I don’t usually put blog links into these essays, but there was a May 20th thread on Patrick and Teresa Nielson-Hayden’s “Making Light” that was prompted by the Halpern article I quoted in the beginning of this piece. Teresa, I believe, makes several good points in the comments:

Most works are somewhat derivative. Even much-imitated landmark works like Star Wars or Neuromancer are in many ways powerful new syntheses of older material. If you own the rights to such a landmark work, then to the extent that you can keep subsequent works from copyrighting implicit or potential aspects of that synthesis, your own right to such implicit or potential derivative works will be more valuable…

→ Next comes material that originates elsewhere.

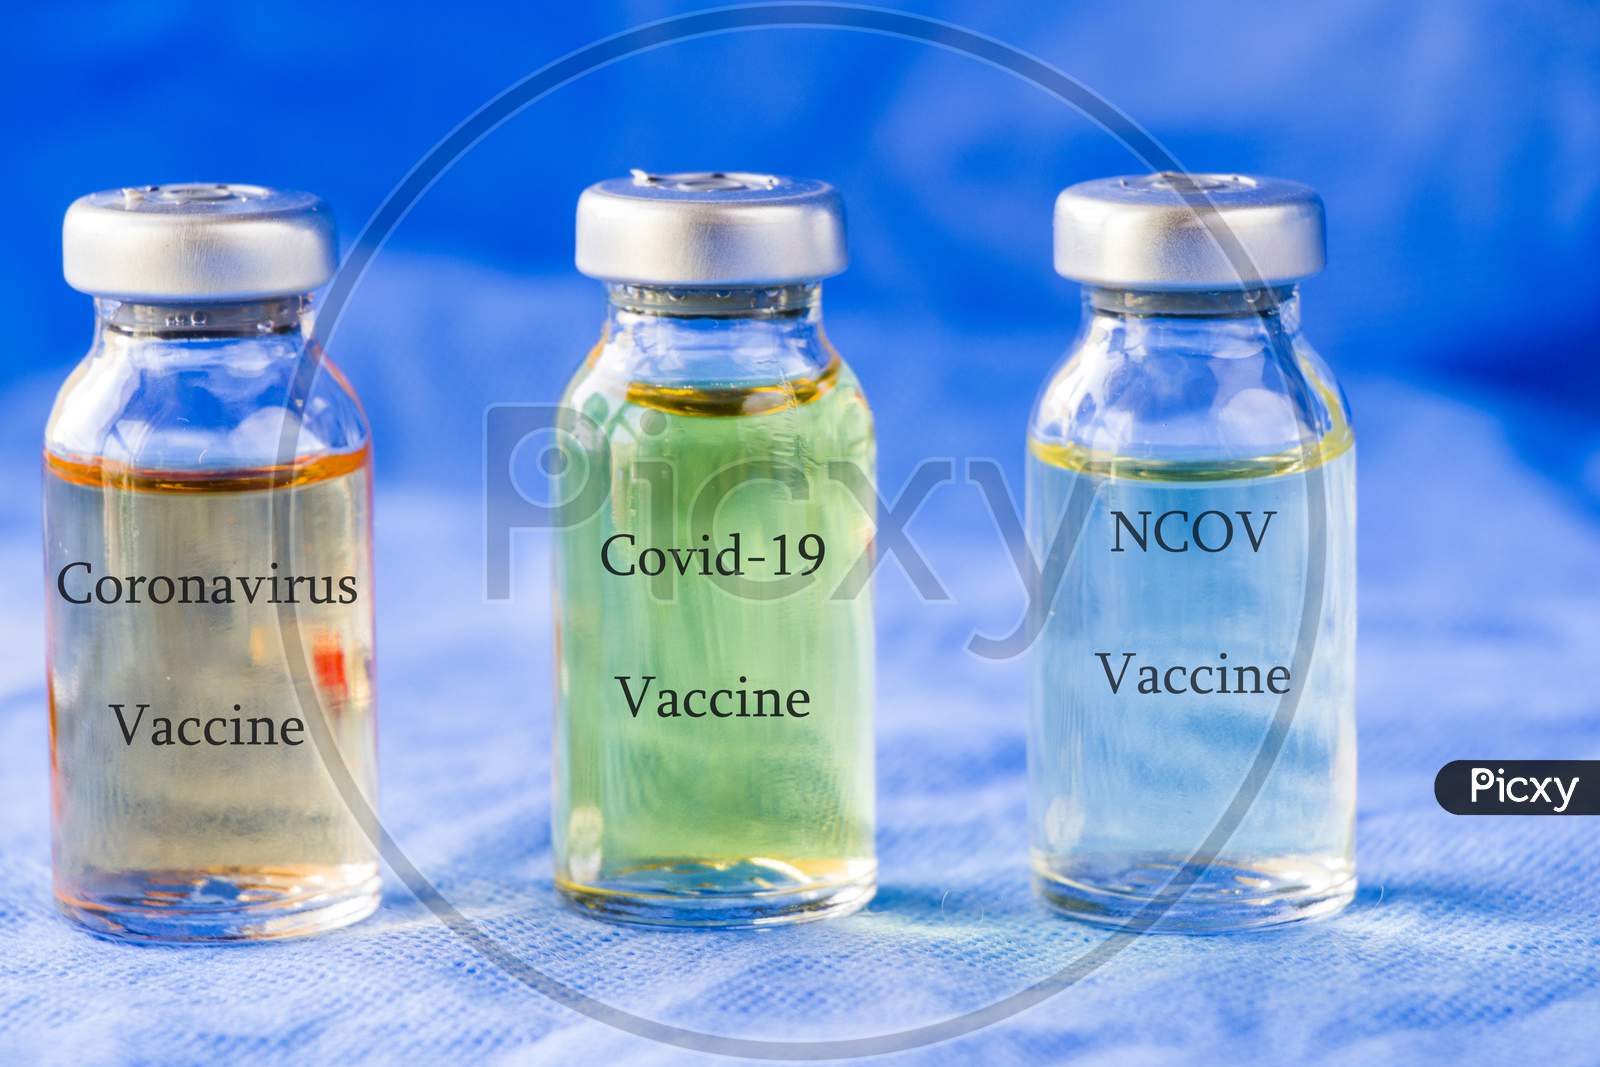 Corona Virus And Covid - 19 New Vaccine In Ampules, Different Color Variations Of Vaccine
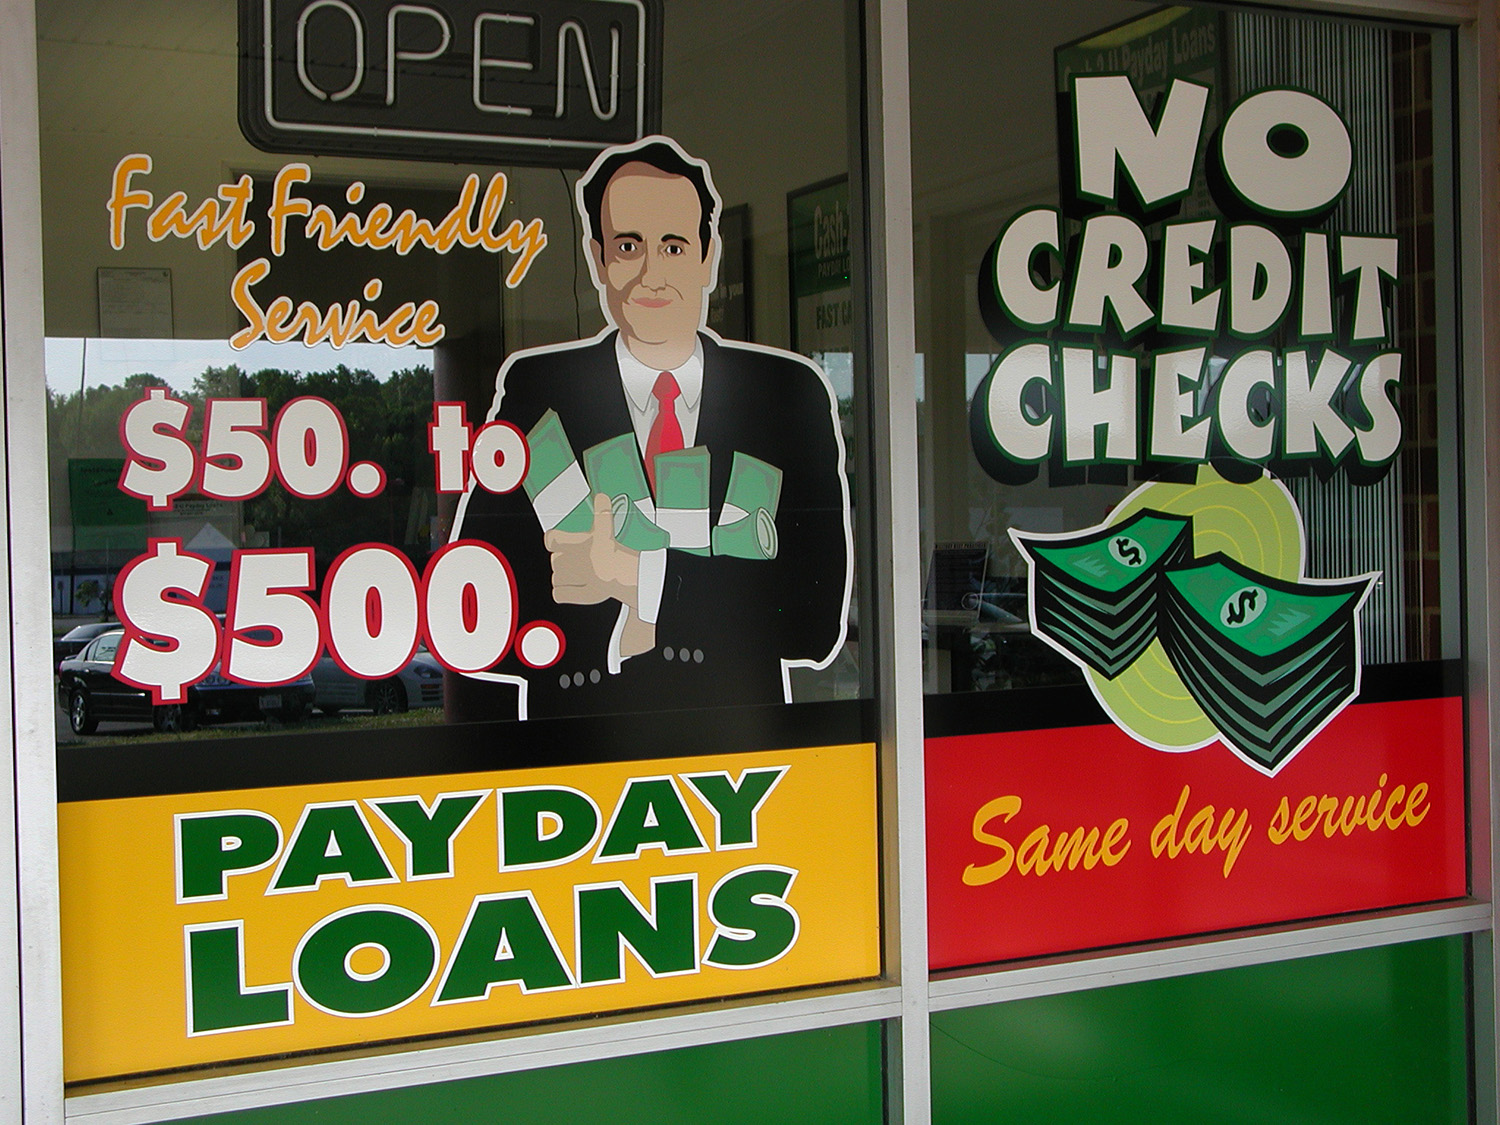 Payday lending has become increasingly the target of faith-based groups.

…nibbling-away of the uniqueness of influential works is a normal literary process. How, then, does the entertainment conglomerate maintain its long-term hold on the valuable rights to the source work? The obvious way to do it is to make sure that other authors don't hold the copyrights on subsequent works. Any story or narrative mindspace they and their heirs own is a story or narrative mindspace you don't own. You might have to pay them something for it, further on down the road. Best not to let them lay claim to it in the first place.
–Teresa Nielson-Hayden

Copyrights are not “natural.” When scribes did all the copying, there was no further need for state control of copyright, as the labor cost itself was the limiting factor in the spread of information. But with the invention of the printing press, publishing became a lucrative endeavor, all the more so it there could be some sort of monopoly on publishing generally, or, failing that, the publishing of a particular work. Copyrights, in other words, benefit publishers, the Owners of The Casino. We writers are just the gamblers holding the chips in the Big Game. But the Casino always winds up owning most of the stakes.

Without the Casino, there is no Jackpot, so writers often identify their fortunes with those of the publishers. Well, fair enough, without the publishers there are no fortunes to be made.

The Jackpot is a cruel temptation. I’ve said before, in other circumstances, that if you take up all the money spent by would-be writers of fiction, from the creative writing course fees, to the postage spent, to the paper and ink cartridges bought, not to mention the scams, dodges, vanity presses, phony agents, “readers’ fees” and all the rest, add it up and subtract it from every royalty and advance paid by the publishing industry, and you get a negative number. Maybe movie sales push it back into positive numbers, but I have my doubts, since movies don’t pay their writers that much, and it’s work-for-hire besides. And if I’m wrong, if it isn’t negative sum, it’s because of maybe ten writers, starting with J. K. Rowling and Stephen King, and ending with some writer that you’ve also heard of, Grisham, Clancy, the Usual Suspects. And you’d better ignore the vast amounts of time spent staring at the hellish blank screen, (formerly the blank page), or typing words that no one but the spouse will ever read, because if you add up that time and count it as even a quarter of minimum wage, then not even King and Rowling could make a dent in the debit.

So, one way or another, you’d better enjoy writing your stories, or at least enjoy reading them, because the likelihood of your making a living at it is comparable to winning Powerball, and in fact depends less on how well you write than a hundred other things.

Whew. I hope that’s out of my system for a while. Maybe I can get to actually writing about copyrights now.